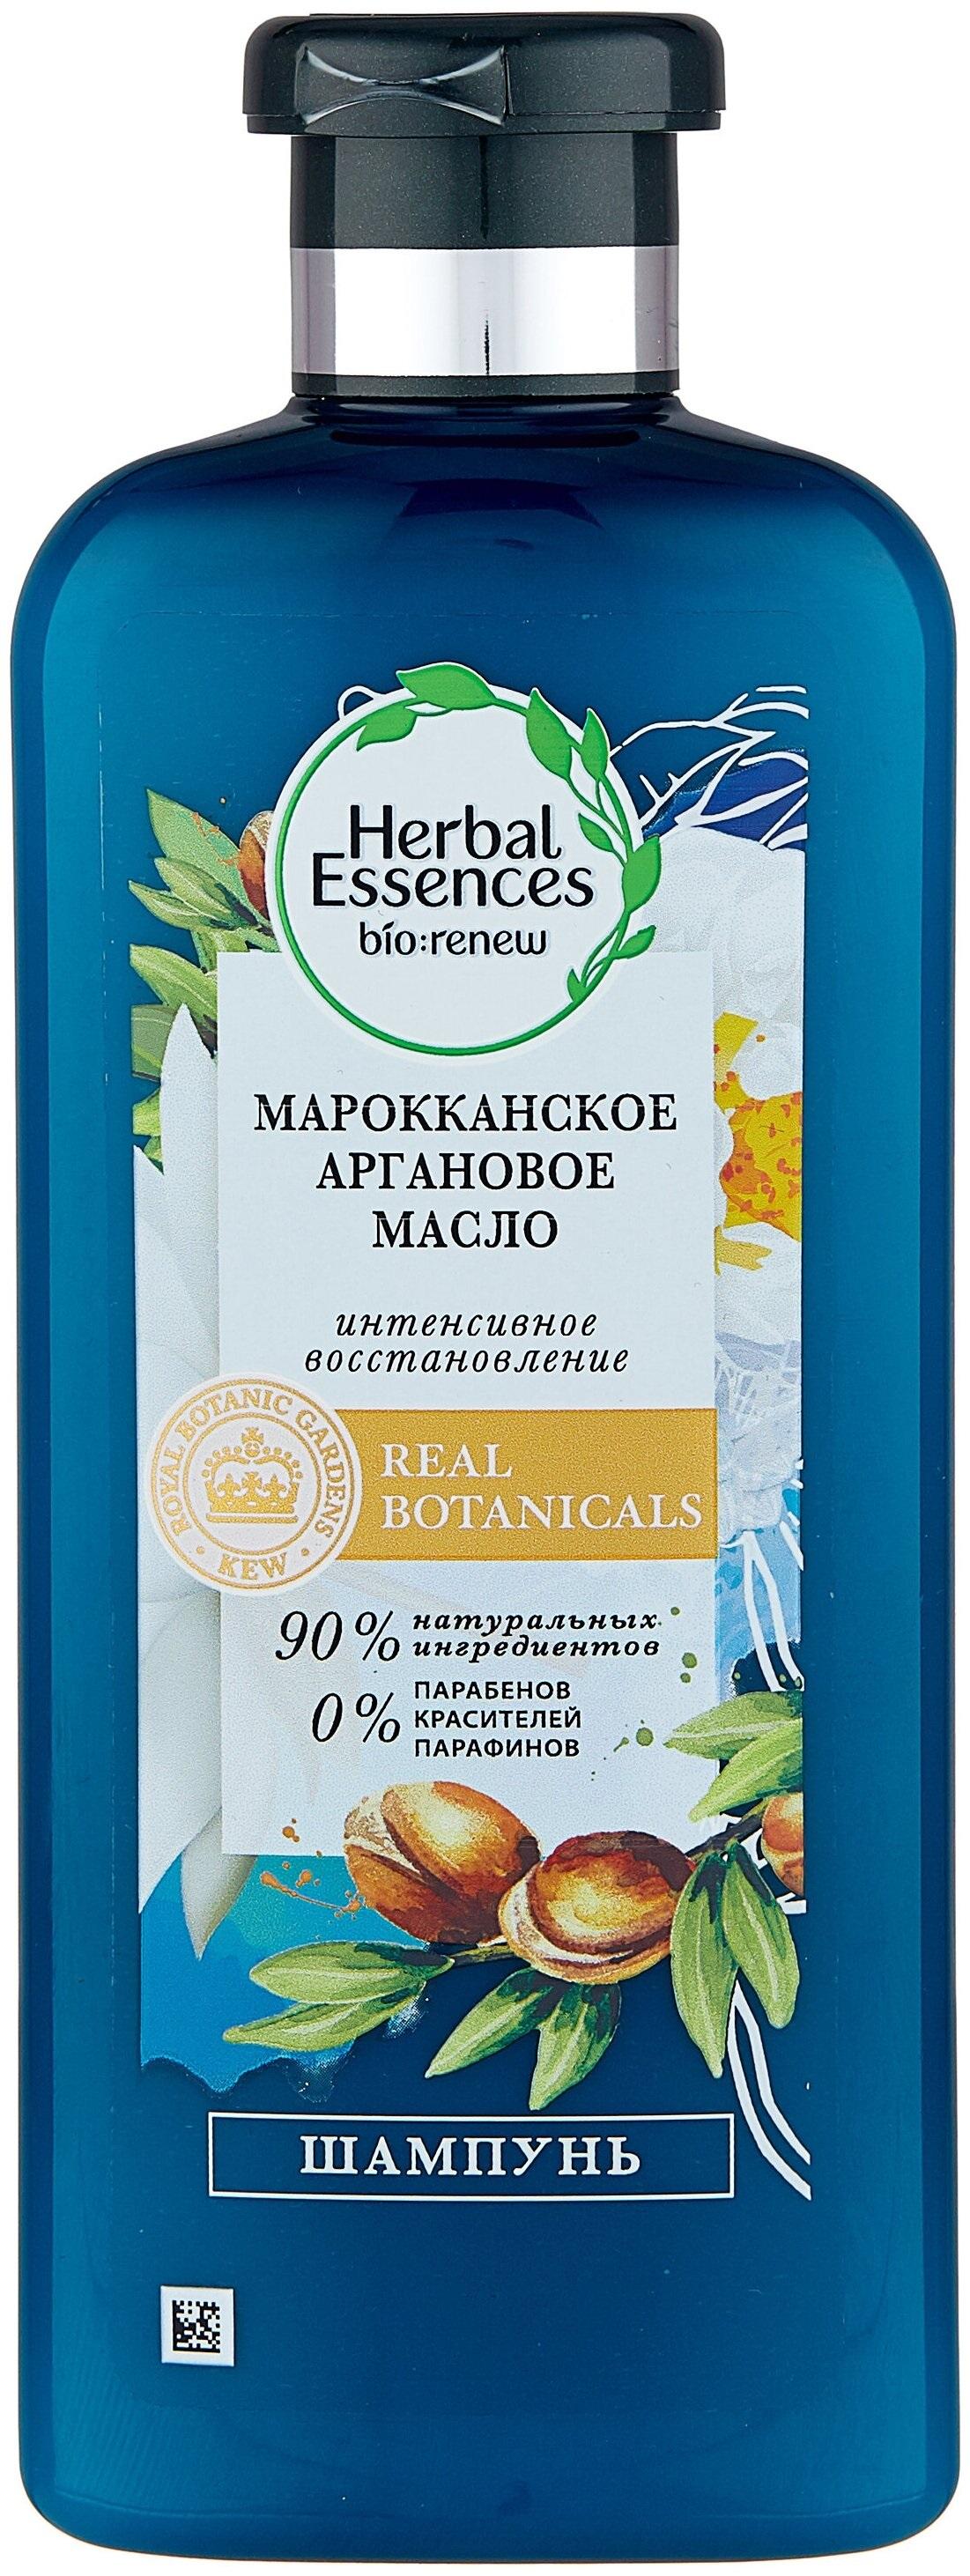 Herbal essences марокканское аргановое масло
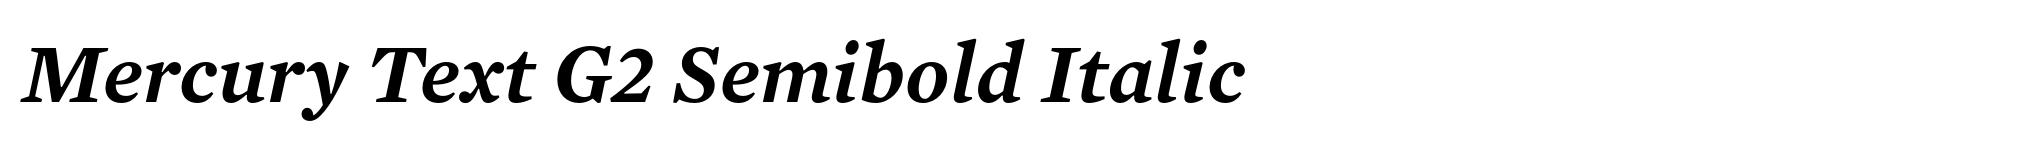 Mercury Text G2 Semibold Italic image
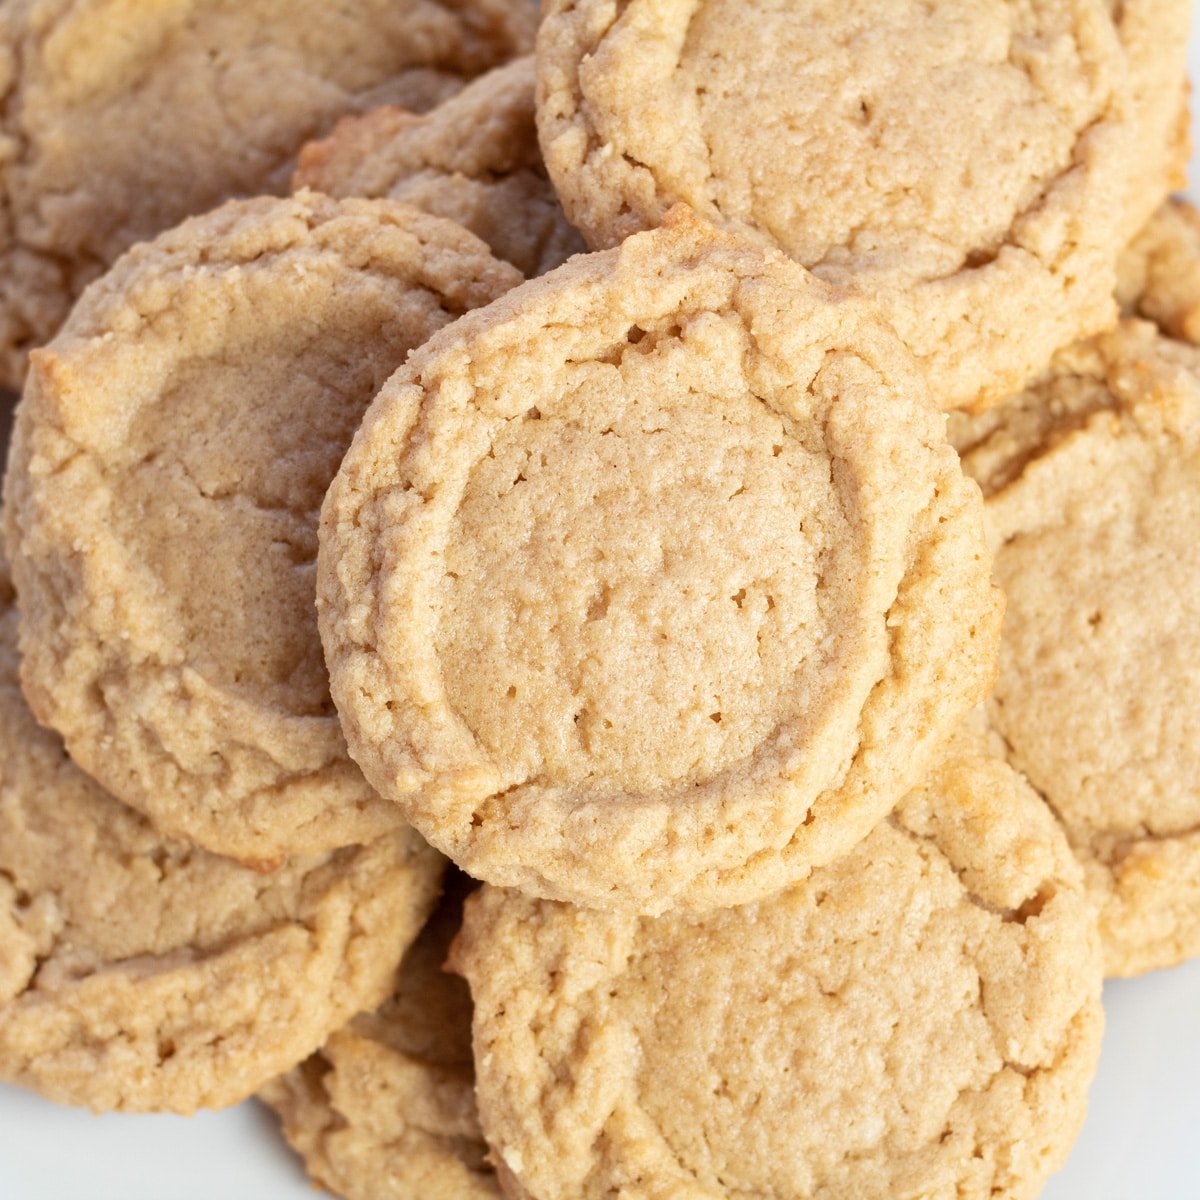 Immagine aerea quadrata di più biscotti al burro di arachidi.
────────
**How to complete this task:**
Pictures are skipped here. Print exactly, and only, the lines from the one holding "Mercury Text G2 Semibold Italic image" through the final line of the material above, both ends included.

**Task response:**
 Mercury Text G2 Semibold Italic image
 Immagine aerea quadrata di più biscotti al burro di arachidi.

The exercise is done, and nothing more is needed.